Electronic health records – Stuck in the 1990s?

Washington Watch

Recently I needed some medical records sent from my previous doctor to a new specialist. I was stunned when this thoroughly modern medical practice told me the only way they could send them quickly was with a fax machine. When was the last time you used a fax machine? 1990s technology in 2018?

Efforts to develop a standardized electronic health record (EHR) system to make it easier for the sharing of your medical records between doctors have been planned since that fax machine was the latest technology invention, but only with limited success. Most medical practice and hospitals now have their own EHR systems, but problems continue in efforts to share records between competing facilities.

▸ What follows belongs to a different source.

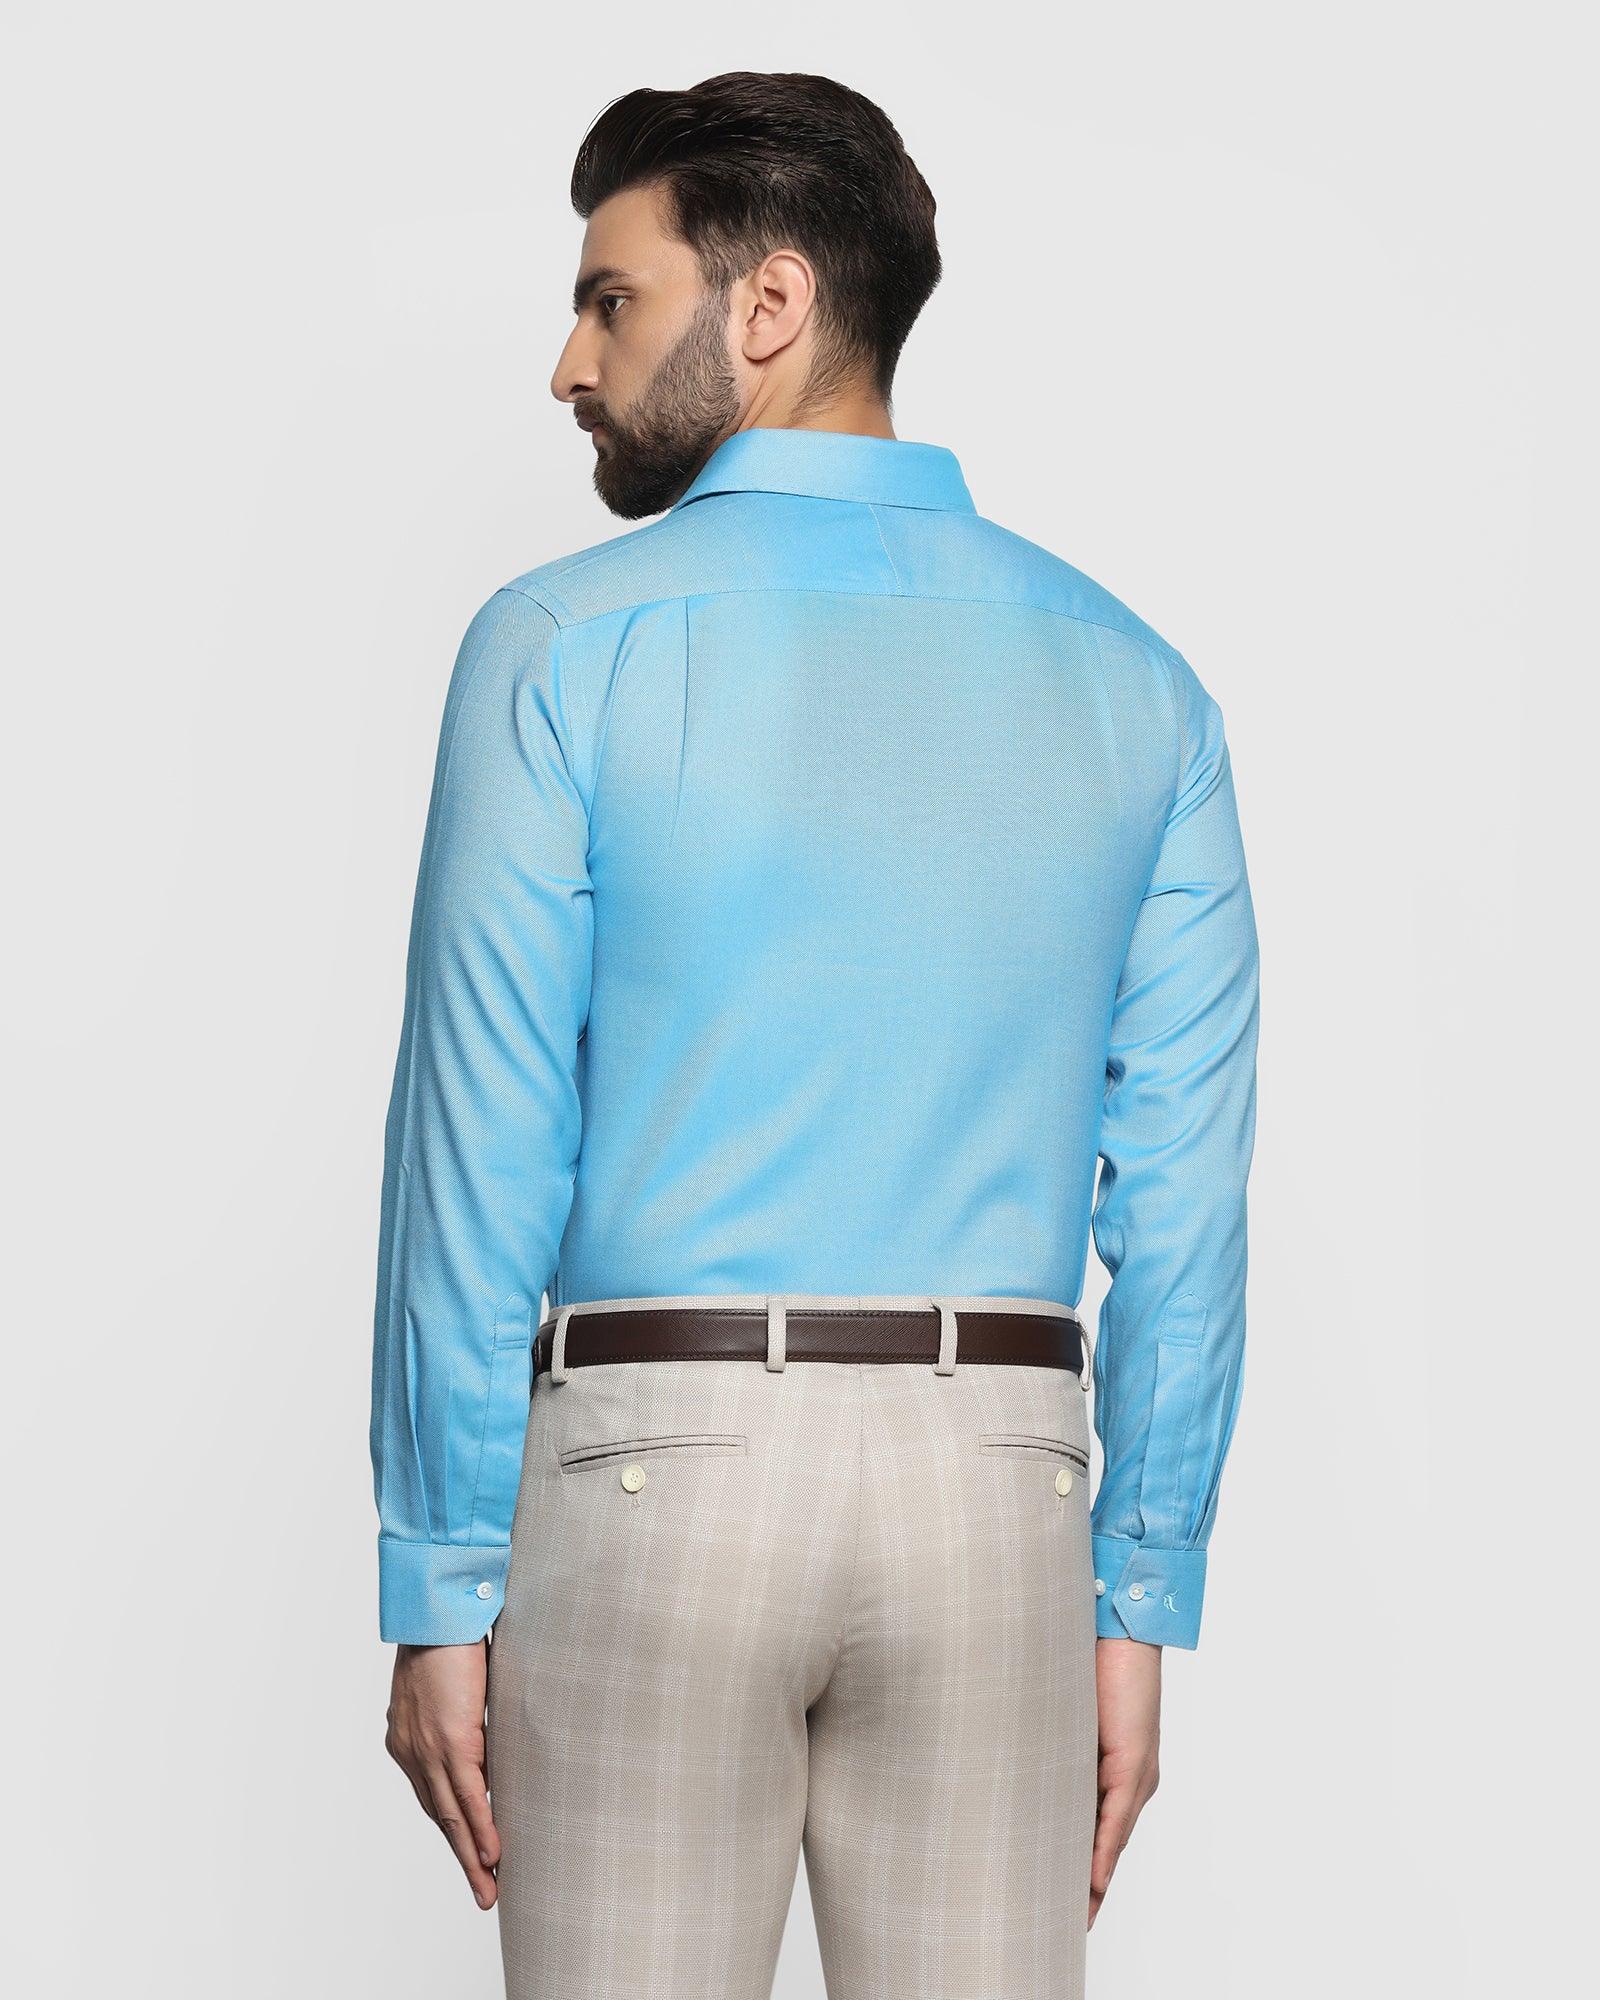 Non Iron Formal Blue Textured Shirt - Decade

Lack of patient health data access often leads to duplicate testing and unnecessary treatments, increasing costs for consumers, doctors, hospitals and health systems. Medicare continues to push forward on its efforts, but those efforts have, so far, gone nowhere.

At a recent speech, Seema Verma, who heads the Centers for Medicare and Medicaid Services (CMS), noted that “providers also continue to find it difficult and burdensome to use EHRs. In the era of artificial intelligence, machine learning and precision medicine, fax machines continue to be the go-to technology for providers transmitting health information.”

Verma wants to change that and detailed the federal agency’s plans to implement a health data exchange system that ensures patients have control of their own health data. But she stressed the agency will not be able to achieve this kind of system “until we put the patient at the center of our healthcare system. Until patients can make their own decisions based on quality and value, health care costs will continue to grow at an unsustainable rate,” she told a health information technology conference in Las Vegas in March.

Right now, 78 percent of doctors and 96 percent of hospitals use electronic health records. But gaining access to them has long been a challenge in the U.S. because it’s in the providers’ financial interest to keep a tight hold on patient information.

As many of us have learned, patients often have to go from one doctor’s office to another to gather up copies of your own medical records. More often than not, it’s difficult and sometimes impossible to put together your complete medical files – especially if you’ve had surgeries at two or more different hospitals or lived in multiple states.

Verma predicts that one in every five dollars spent in the U.S. will go toward the healthcare industry by 2026. “When providers don’t have timely patient information readily available, tests are repeated, and we are paying for unnecessary treatments,” she said. “All this drives up costs and puts patient safety and quality of care at risk.”

HIPAA, the health care privacy law, further complicates sharing medical records. Part of the blame, she acknowledges, is due to outdated Medicare regulations, most of which were designed to suit a health care system using paper-based records back in the fax era.

“In many ways, EHRs have merely replaced paper silos with electronic ones, while providers, and the patients they serve, still have difficulty obtaining health records,” she said. “For the fortunate few who do ultimately obtain their records, the information is often incomplete, and not always digital or understandable.”

A new initiative, the MyHealthEData initiative, which will be led by the White House Office of American Innovation, aims to allow patients to obtain electronic versions of their medical records from all of their providers, regardless of whether they are in the same physician practice or hospital system. The hope is to also allow doctors to more easily share your records at your request.

Verma’s own CMS is planning to upgrade its Blue Button program, which provides traditional Medicare enrollees with their claims data. The overhaul will let developers build phone and computer apps that will allow patients access to their own information. Right now, though, seniors can only obtain their data by downloading PDF files.

The agency will also push Medicare Advantage and Obamacare exchanges to release their data to patients in a secure format and will specify what information (hopefully in electronic form) hospitals must share with patients when they are discharged. Right now, hospitals and doctors’ offices are not required to give you a copy of your medical records.